• _WHAT THE EXERCISE ASKS_
Starting with the line with "Leere Bierflaschen nach" in the entries below and going on through the line with "Zipper hooded sweatshirt black front view", output every line exactly and nothing more. No pictures.

• _DATA RECORDS_
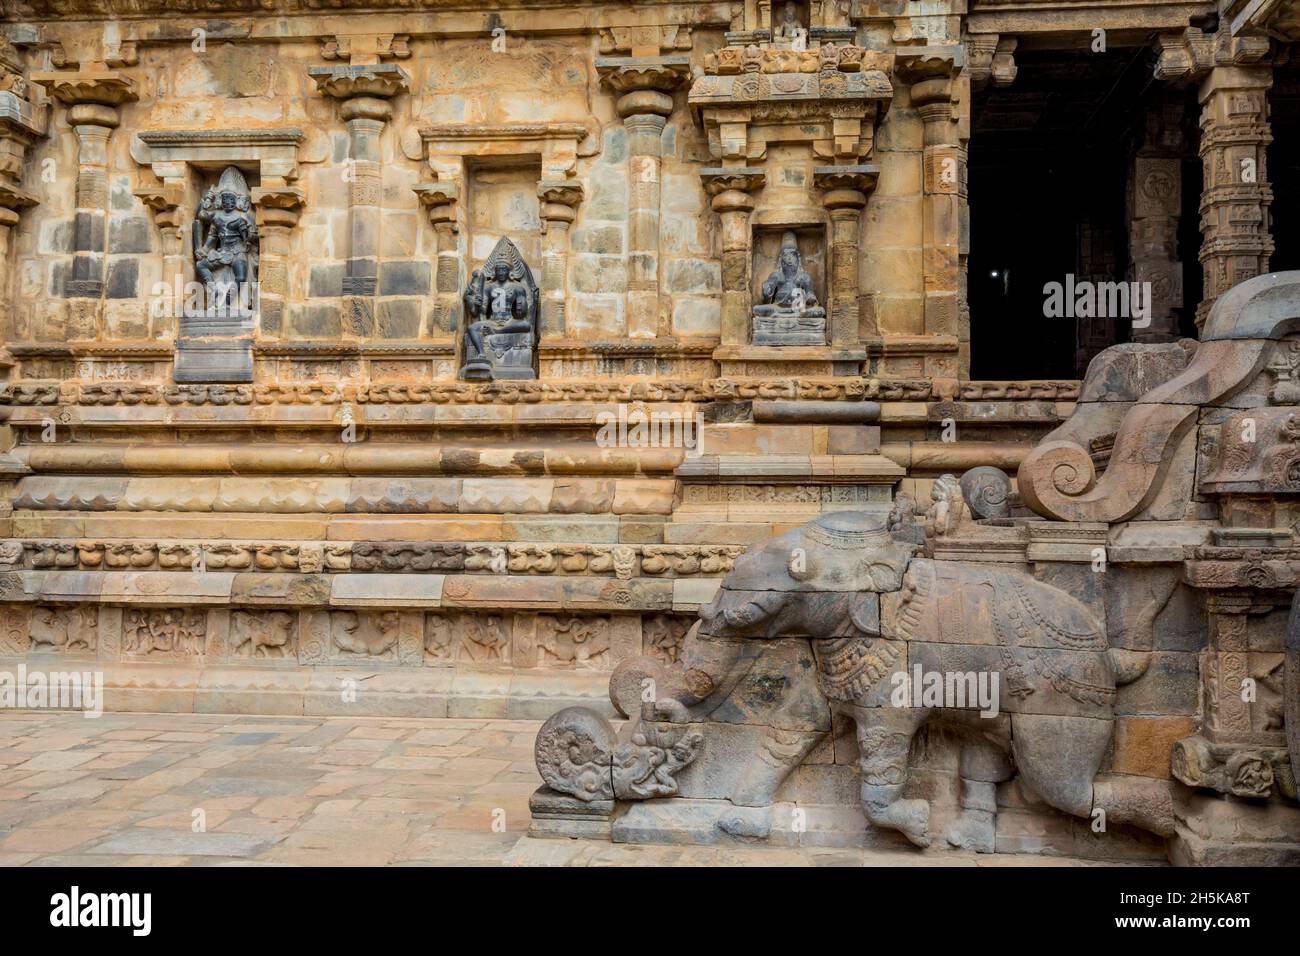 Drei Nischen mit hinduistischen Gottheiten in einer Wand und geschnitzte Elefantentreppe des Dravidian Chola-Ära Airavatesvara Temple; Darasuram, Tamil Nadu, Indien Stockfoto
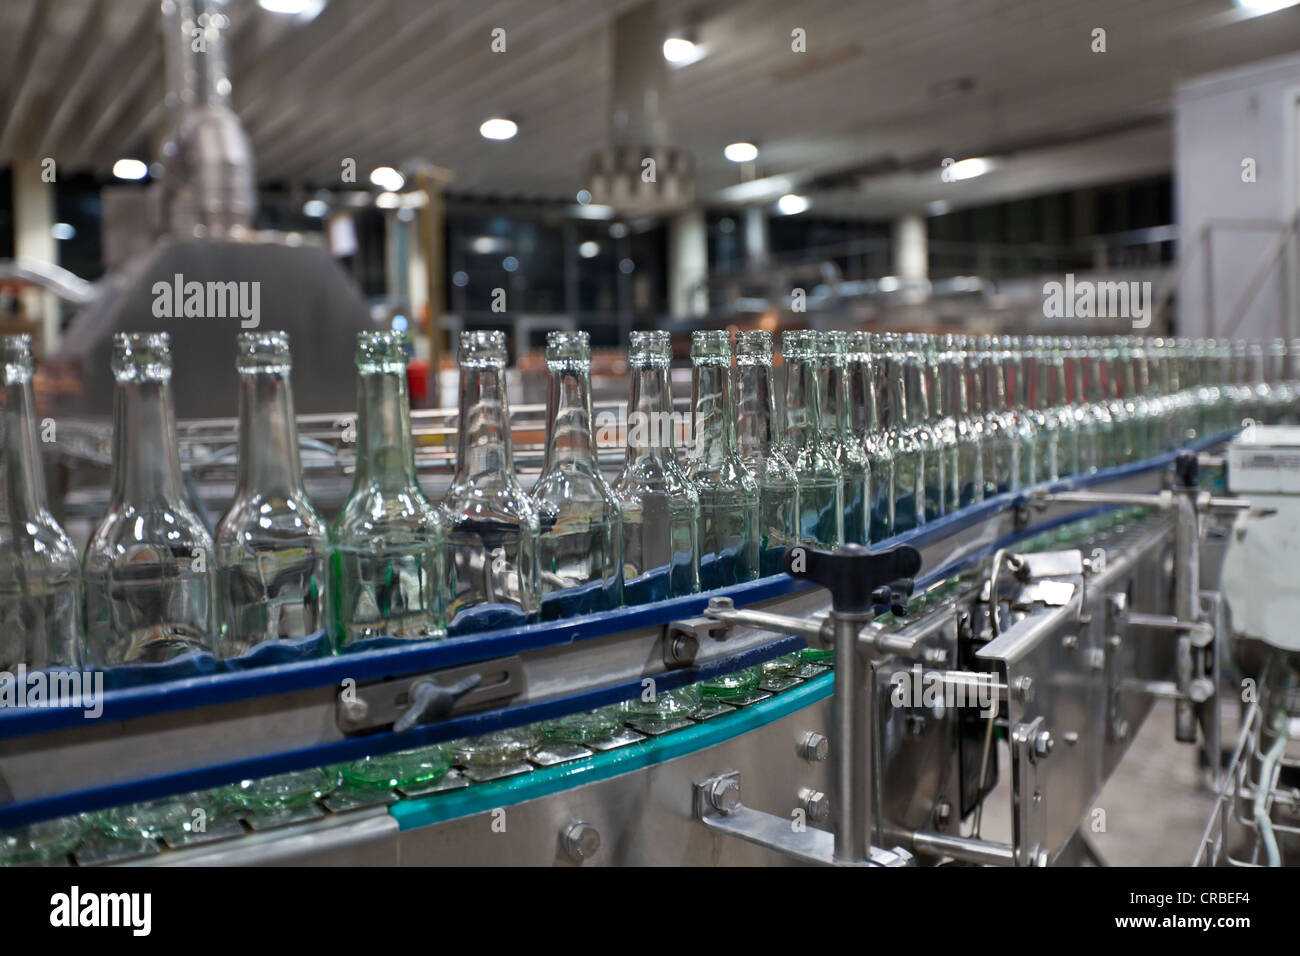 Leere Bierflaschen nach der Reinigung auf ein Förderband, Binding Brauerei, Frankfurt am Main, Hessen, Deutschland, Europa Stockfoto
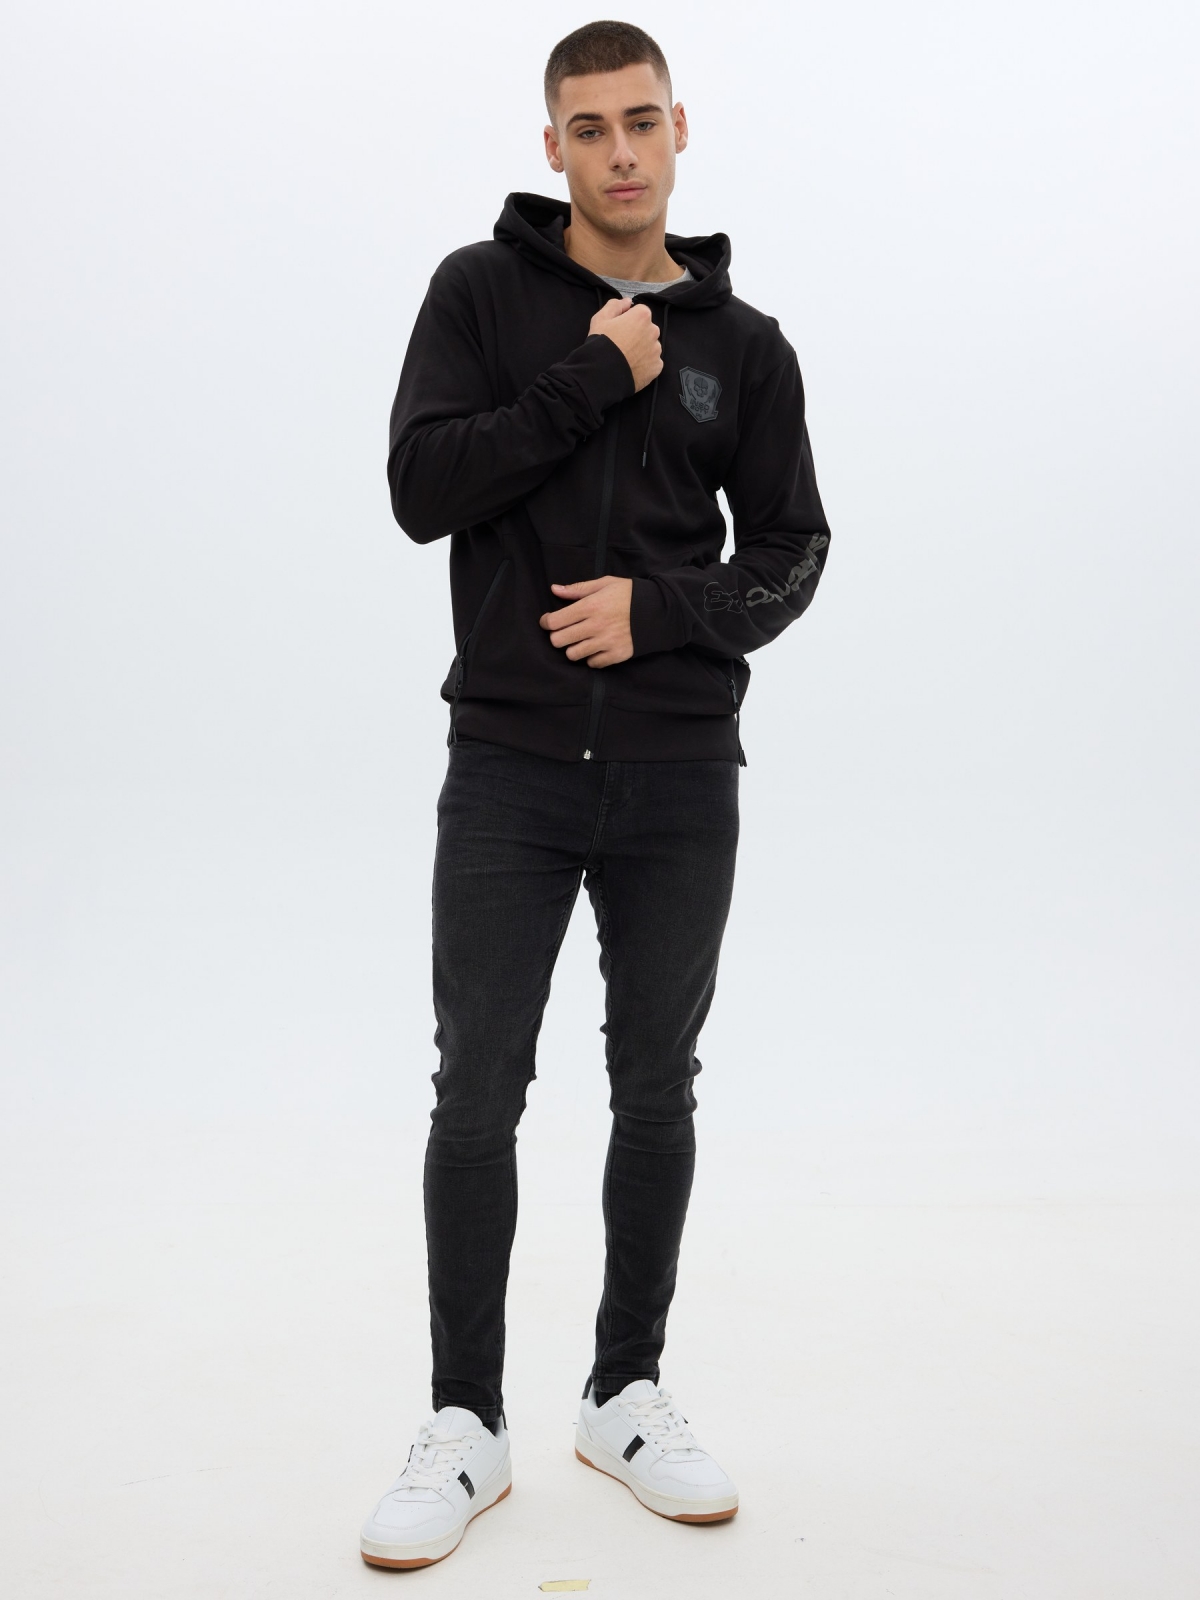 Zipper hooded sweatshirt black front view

* * *

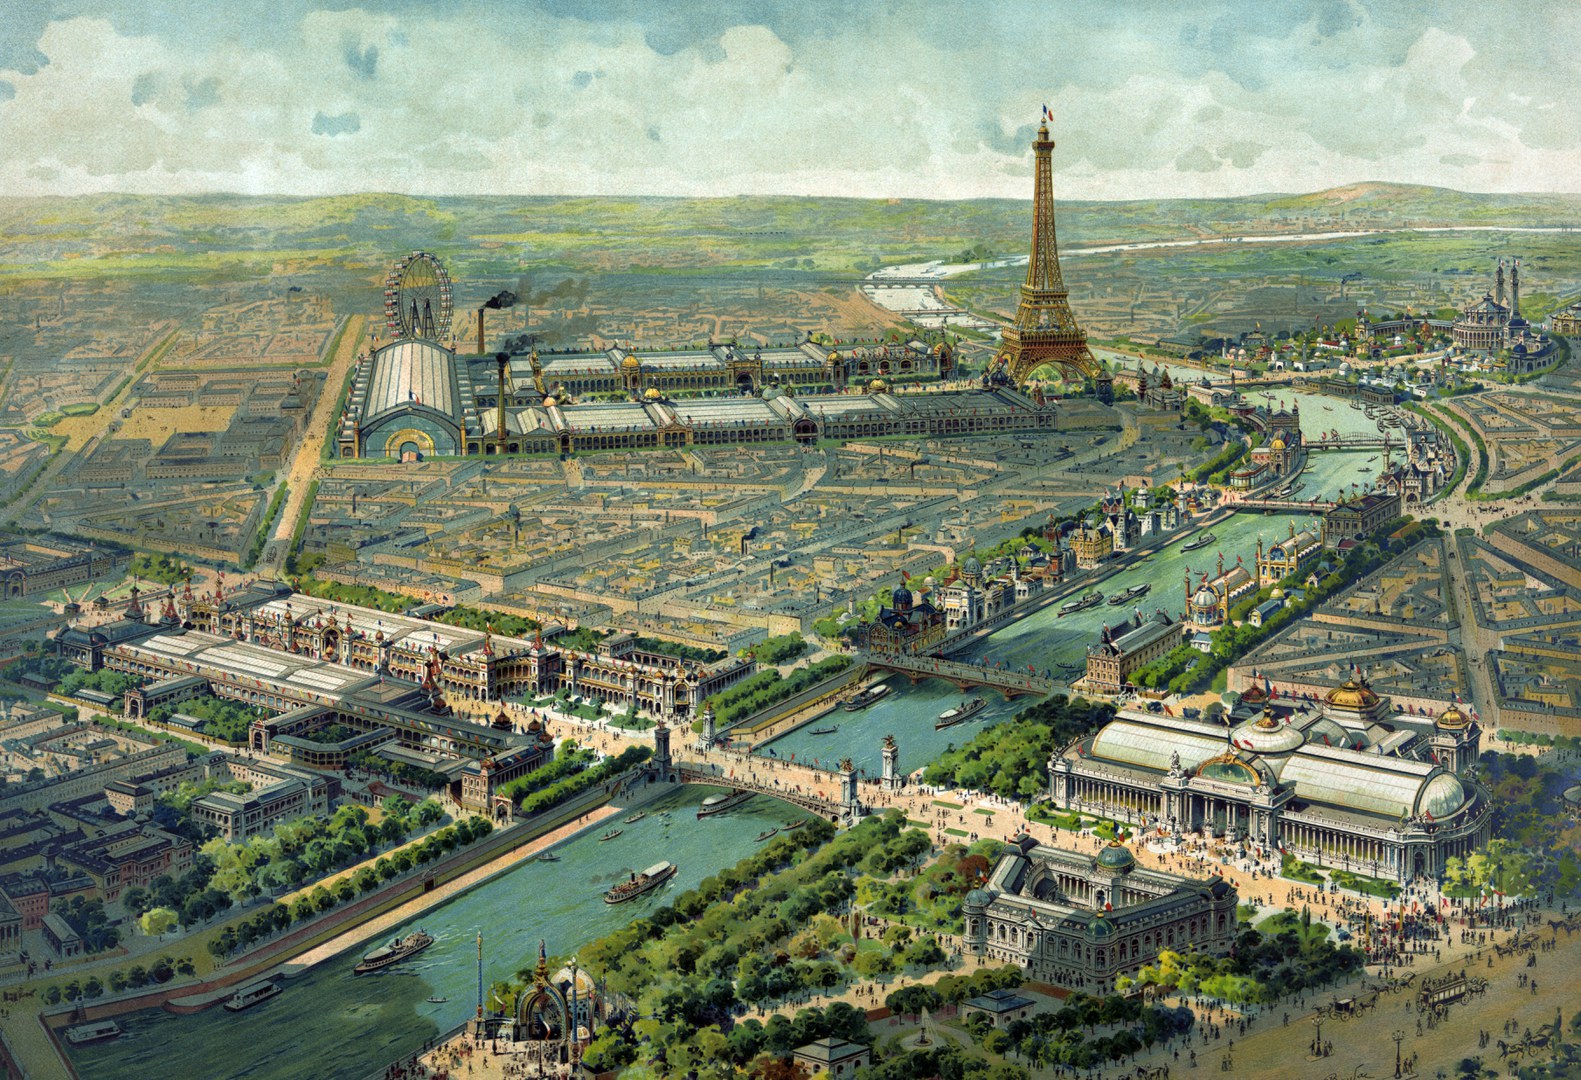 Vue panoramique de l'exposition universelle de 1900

• _TASK OUTPUT_
 Leere Bierflaschen nach der Reinigung auf ein Förderband, Binding Brauerei, Frankfurt am Main, Hessen, Deutschland, Europa Stockfoto
 Zipper hooded sweatshirt black front view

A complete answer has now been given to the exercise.